→ WORK INSTRUCTIONS
Output the data in full. Keep every word exact and exclude the pictures.
-- PROVIDED DATA follows --
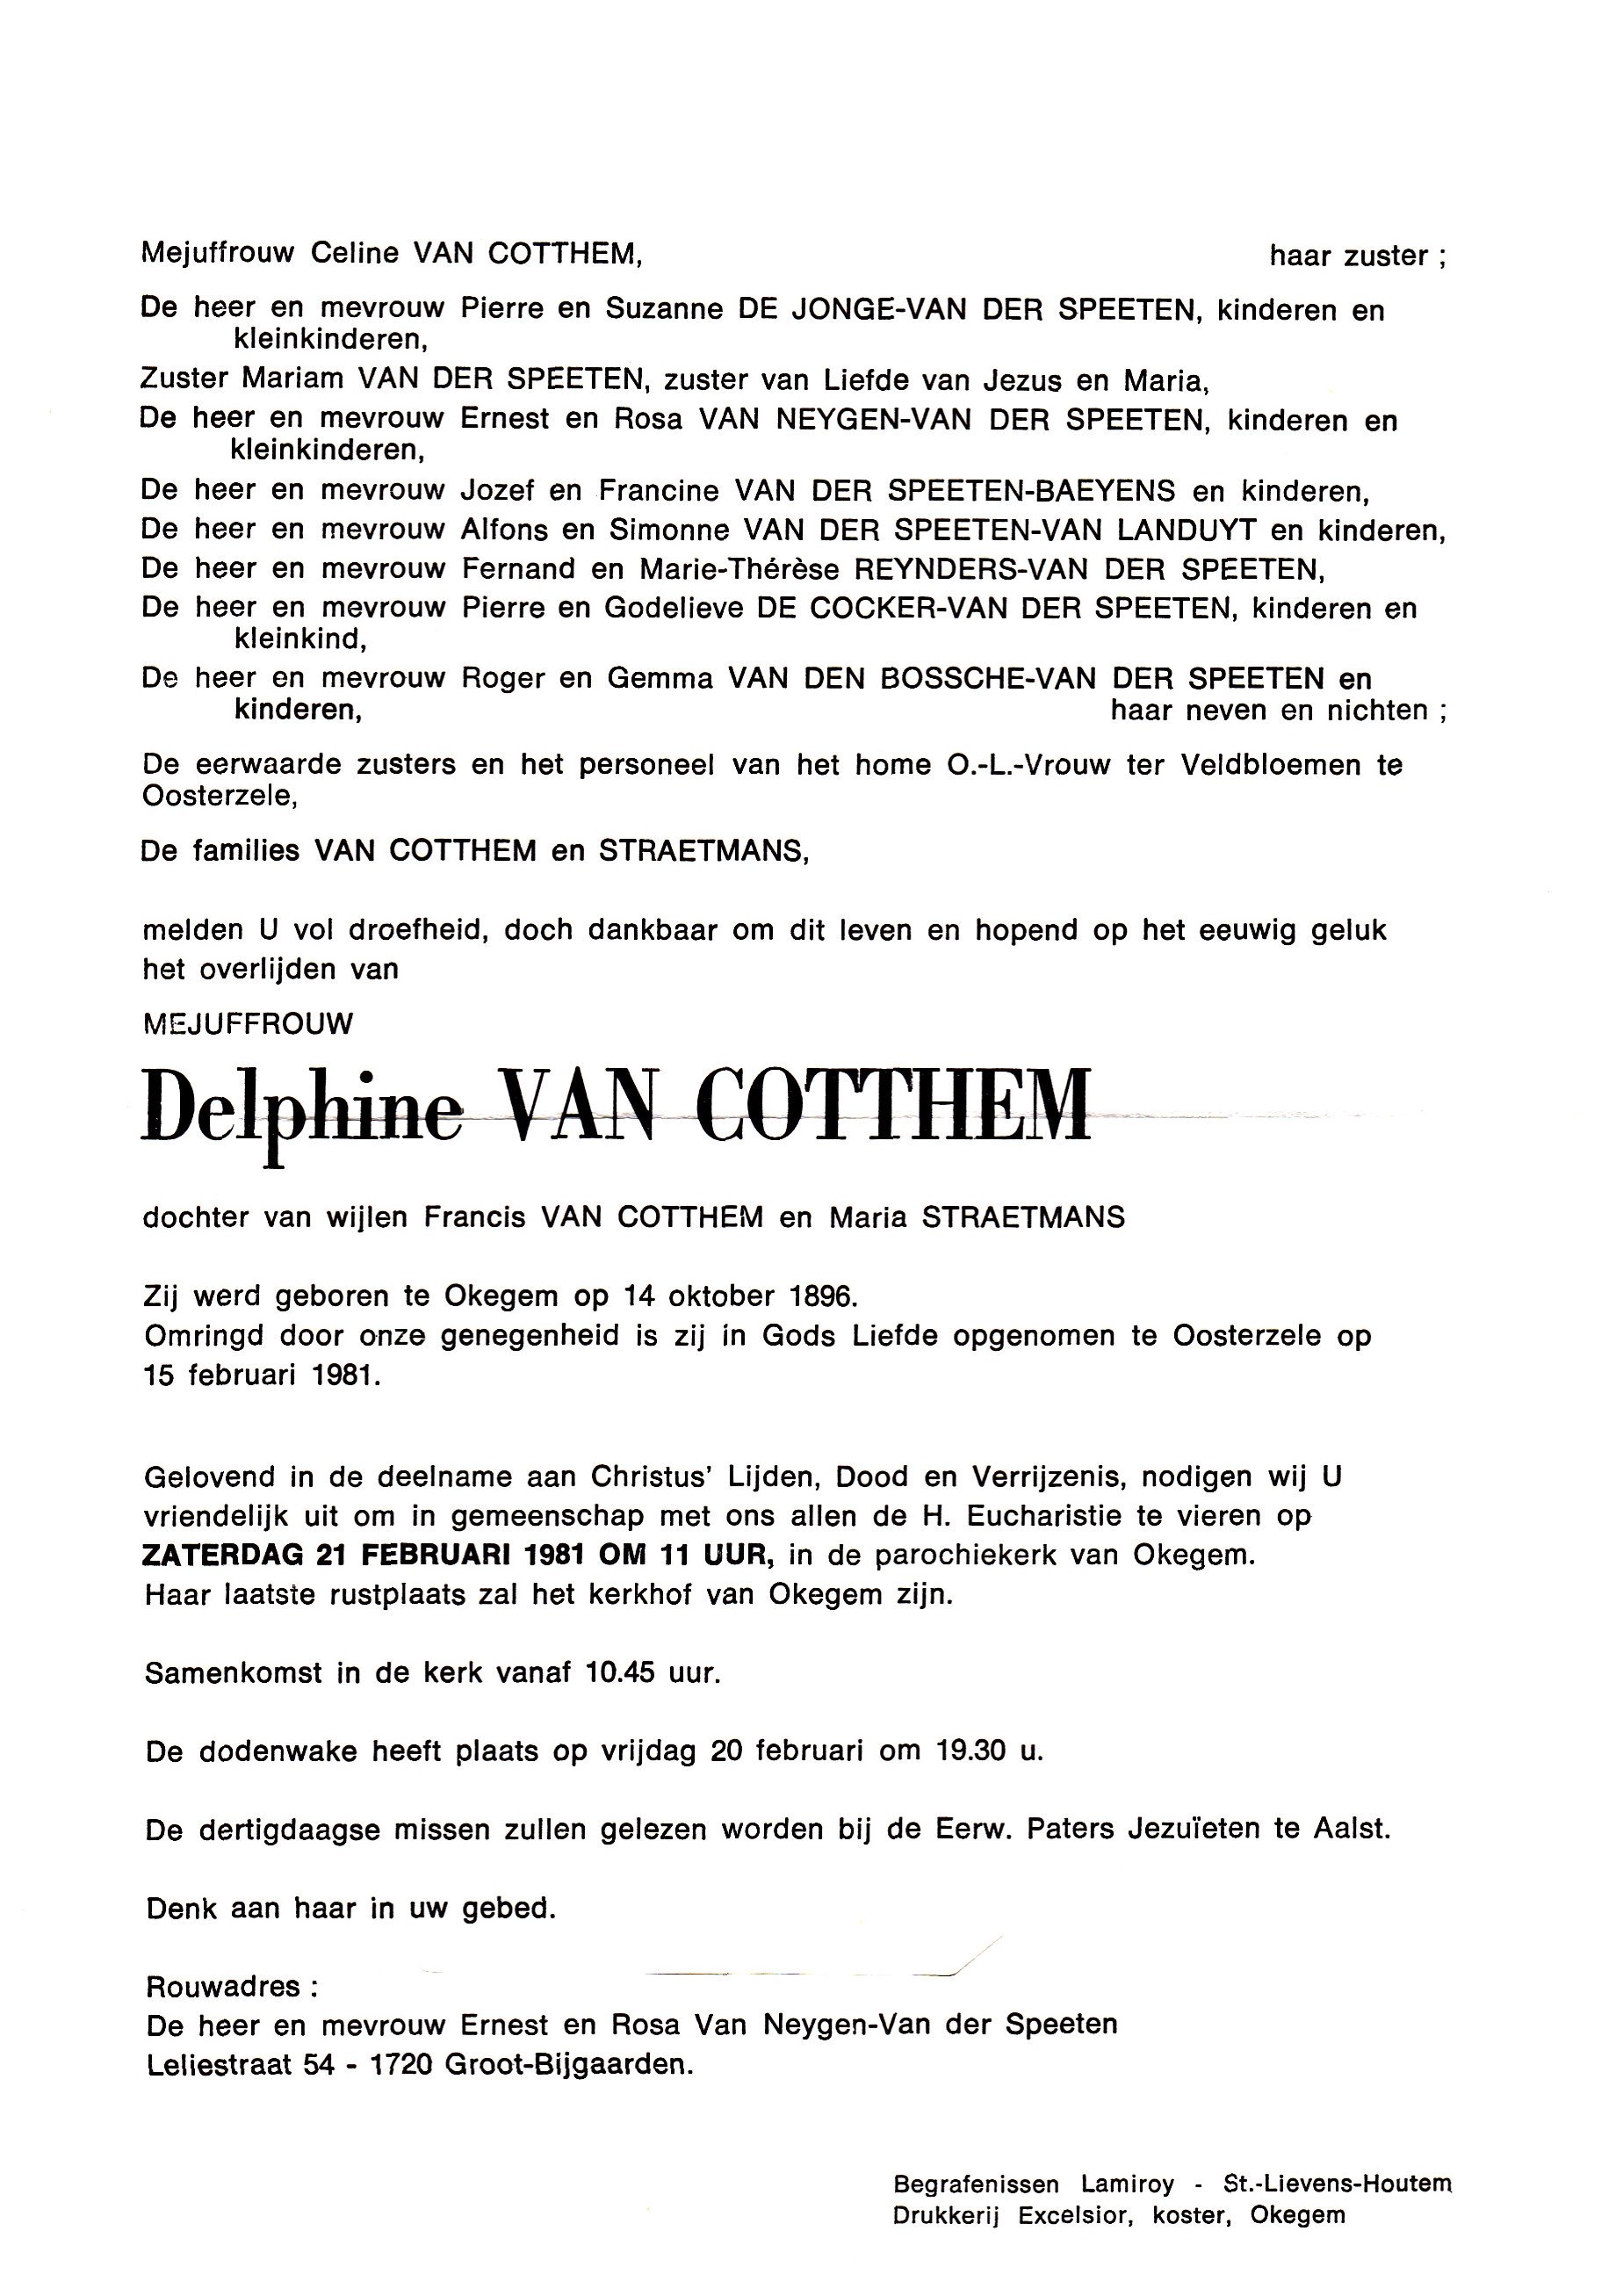 Van Cotthem Delphine  
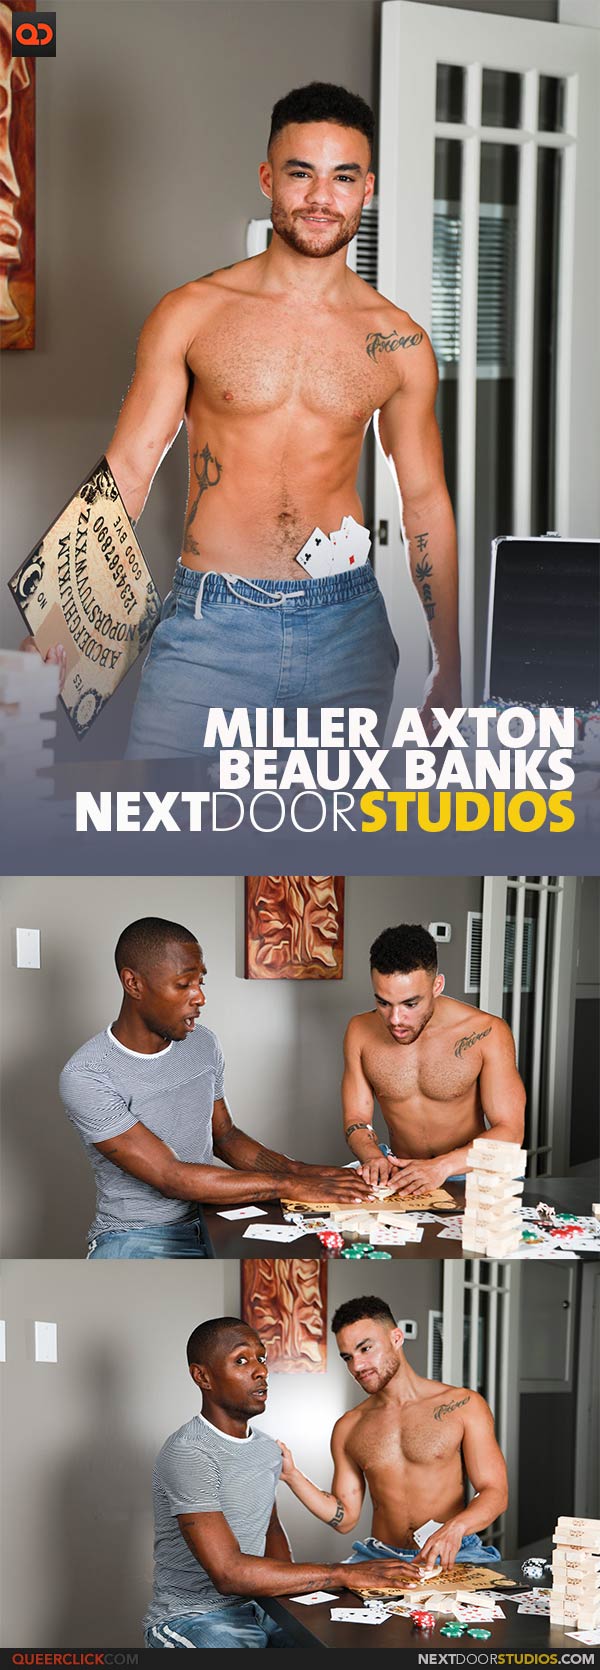 NextDoorStudios: Beaux Banks and Miller Axton
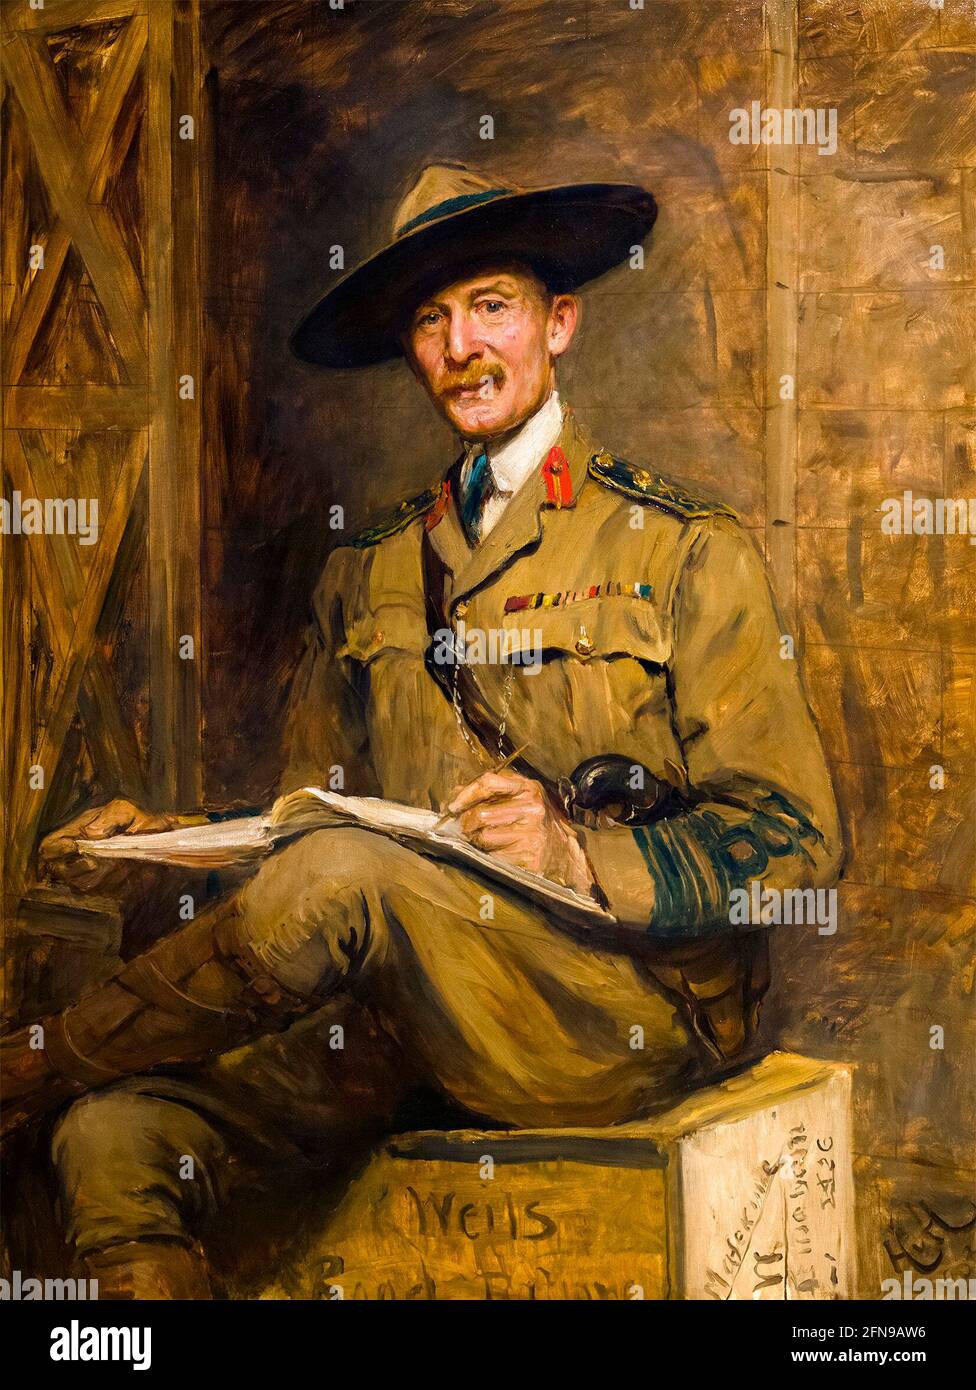 Robert Baden-Powell. Porträt des Gründers der Pfadfinderbewegung, Generalleutnant Robert Stephenson Smyth Baden-Powell, 1. Baron Baden-Powell, (1857-1941), von Sir Hubert von Herkomer, Öl auf Leinwand, 1903 Stockfoto
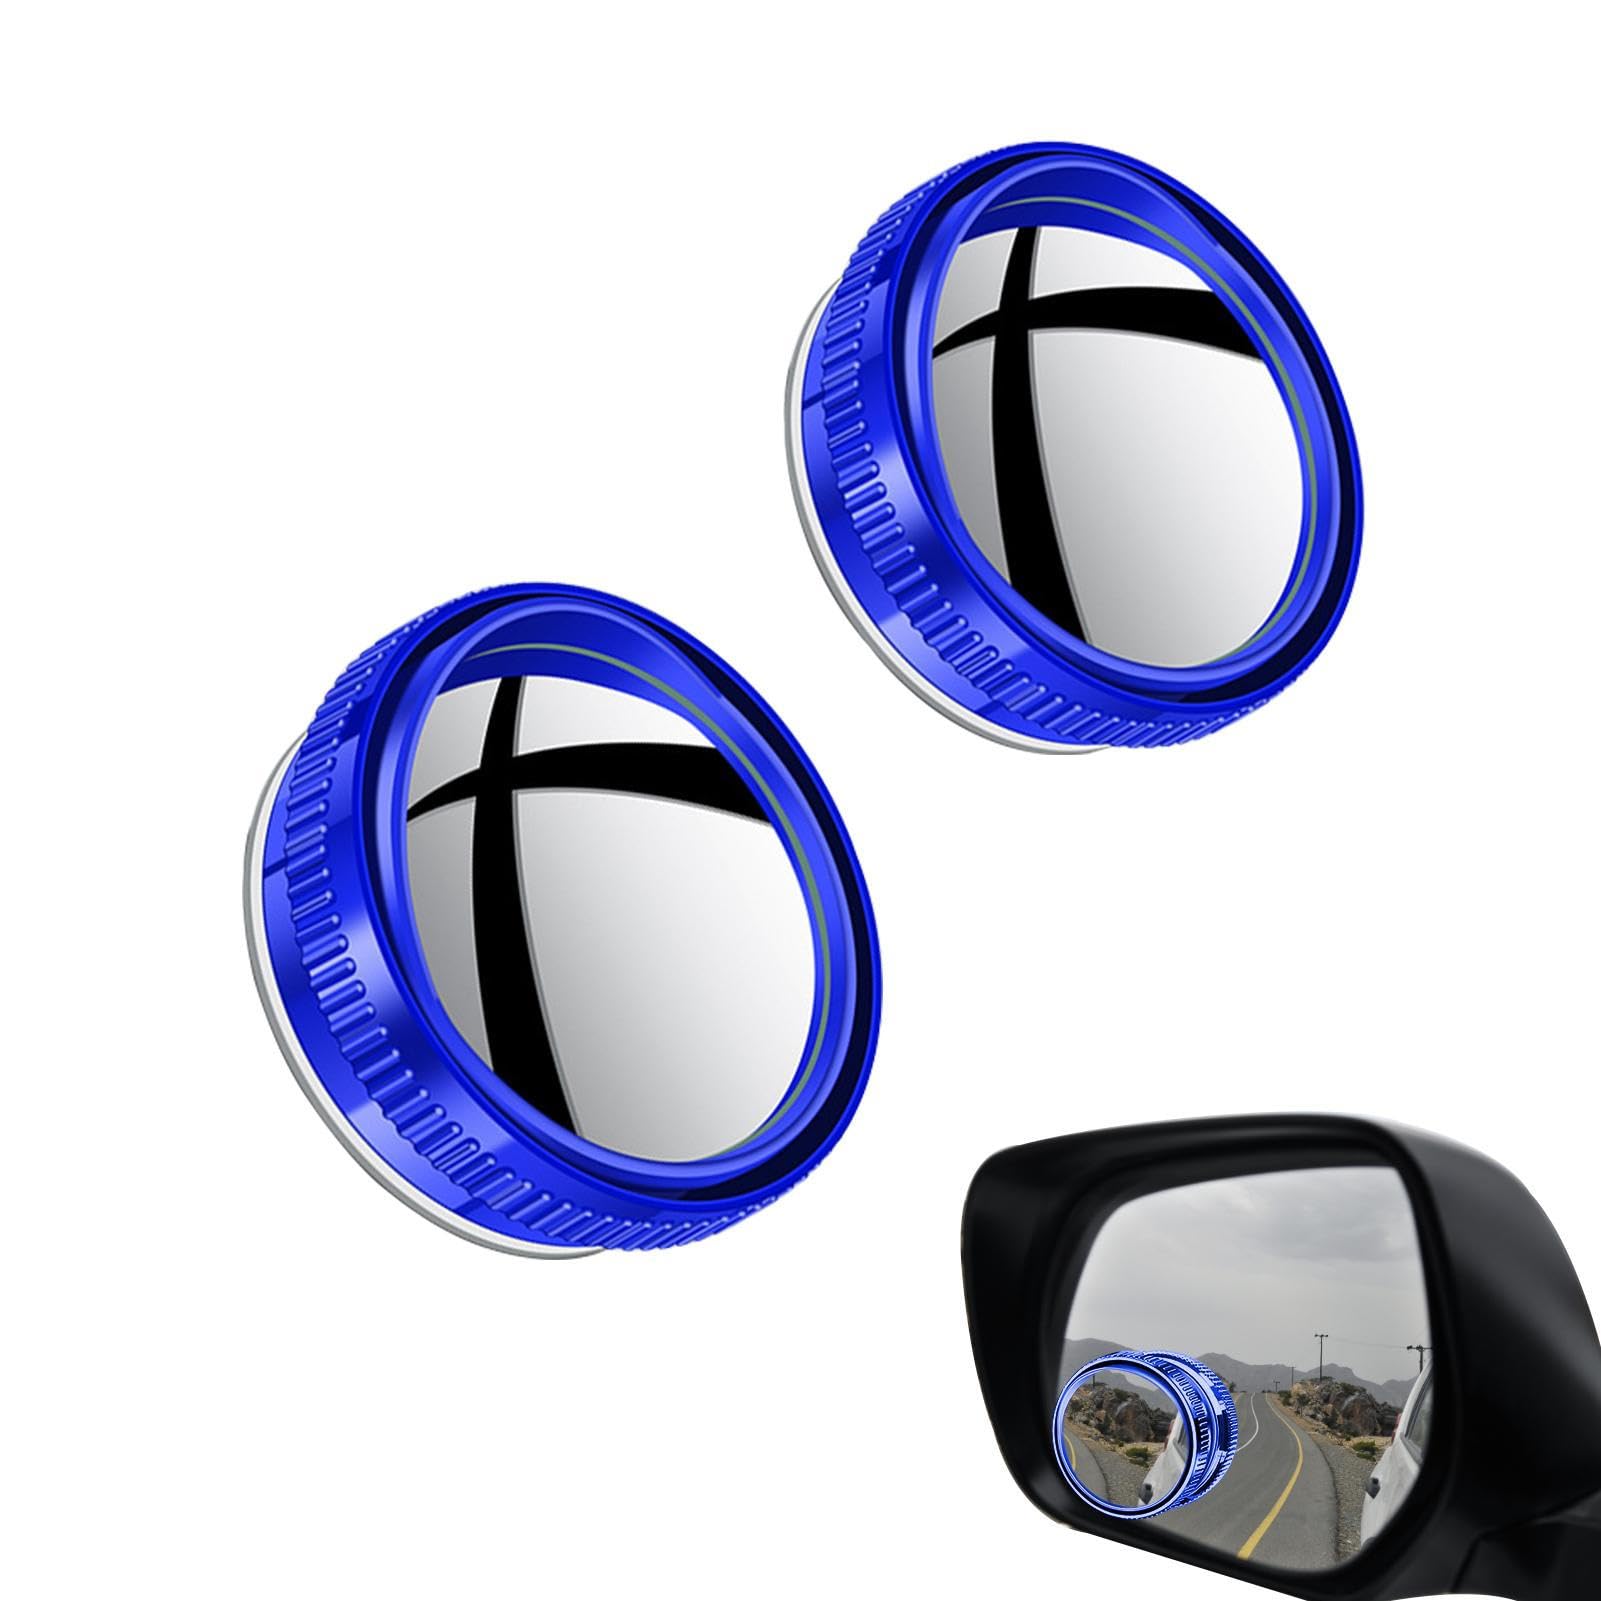 Toter-Winkel-Spiegel, Totwinkel Spiegel Für Auto, Verstellbarer Weitwinkelspiegel Selbstklebende Blindspiegel Für Autospiegel, 2 Stück von Aznever
-- PROVIDED DATA concluded --
→ EXERCISE RESPONSE
 Van Cotthem Delphine  
 NextDoorStudios: Beaux Banks and Miller Axton
 Robert Baden-Powell. Porträt des Gründers der Pfadfinderbewegung, Generalleutnant Robert Stephenson Smyth Baden-Powell, 1. Baron Baden-Powell, (1857-1941), von Sir Hubert von Herkomer, Öl auf Leinwand, 1903 Stockfoto
 Toter-Winkel-Spiegel, Totwinkel Spiegel Für Auto, Verstellbarer Weitwinkelspiegel Selbstklebende Blindspiegel Für Autospiegel, 2 Stück von Aznever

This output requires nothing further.